Write a DataFlowΒΆ

There are several existing DataFlow, e.g. ImageFromFile, DataFromList, which you can use if your data format is simple. In general, you probably need to write a source DataFlow to produce data for your task, and then compose it with existing modules (e.g. mapping, batching, prefetching, ...).

Usually, you just need to implement the get_data() method which yields a datapoint every time.

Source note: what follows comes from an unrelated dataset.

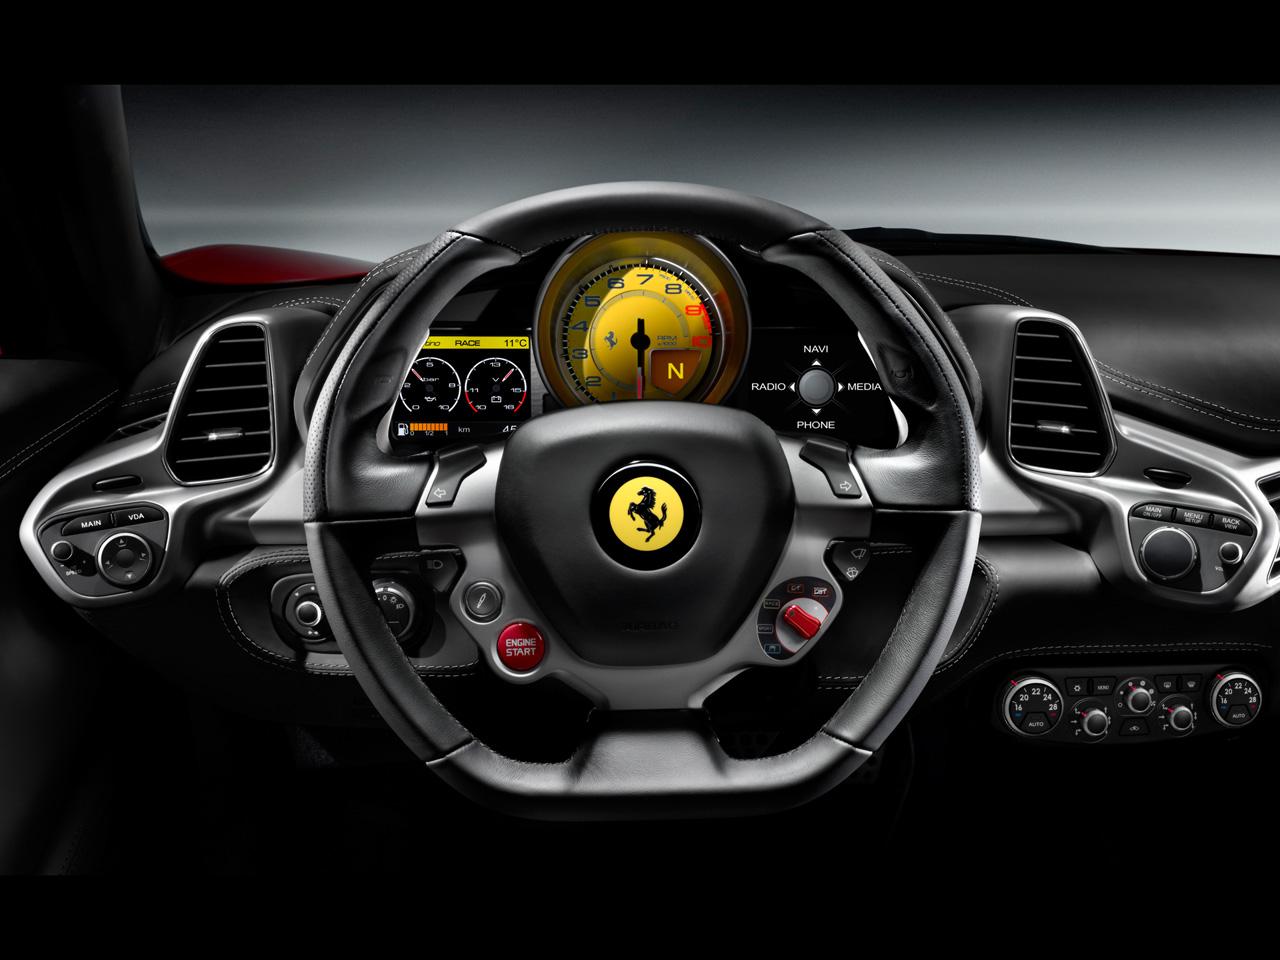 http://2.bp.blogspot.com/_XAfd_7tucsw/S9BLJcUuvKI/AAAAAAAAELQ/TB4CggaBEqg/s1600/2010+Ferrari+458+Italia+-+Dashboard.jpg

class MyDataFlow(DataFlow):
  def get_data(self):
    for k in range(100):
      digit = np.random.rand(28, 28)
      label = np.random.randint(10)
      yield [digit, label]

Optionally, you can implement the following two methods:

  • size(). Return the number of elements the generator can produce. Certain tensorpack features might use it.

  • reset_state(). It is guaranteed that the actual process which runs a DataFlow will invoke this method before using it. So if this DataFlow needs to do something after a fork(), you should put it here.

    A typical situation is when your DataFlow uses random number generator (RNG). Then you would need to reset the RNG here. Otherwise, child processes will have the same random seed. The RNGDataFlow base class does this for you. You can subclass RNGDataFlow to access self.rng whose seed has been taken care of.

The convention is that, reset_state() must be called once and usually only once for each DataFlow instance. To reinitialize the dataflow (i.e. get a new iterator from the beginning), simply call get_data() again.

DataFlow implementations for several well-known datasets are provided in the dataflow.dataset module, you can take them as a reference.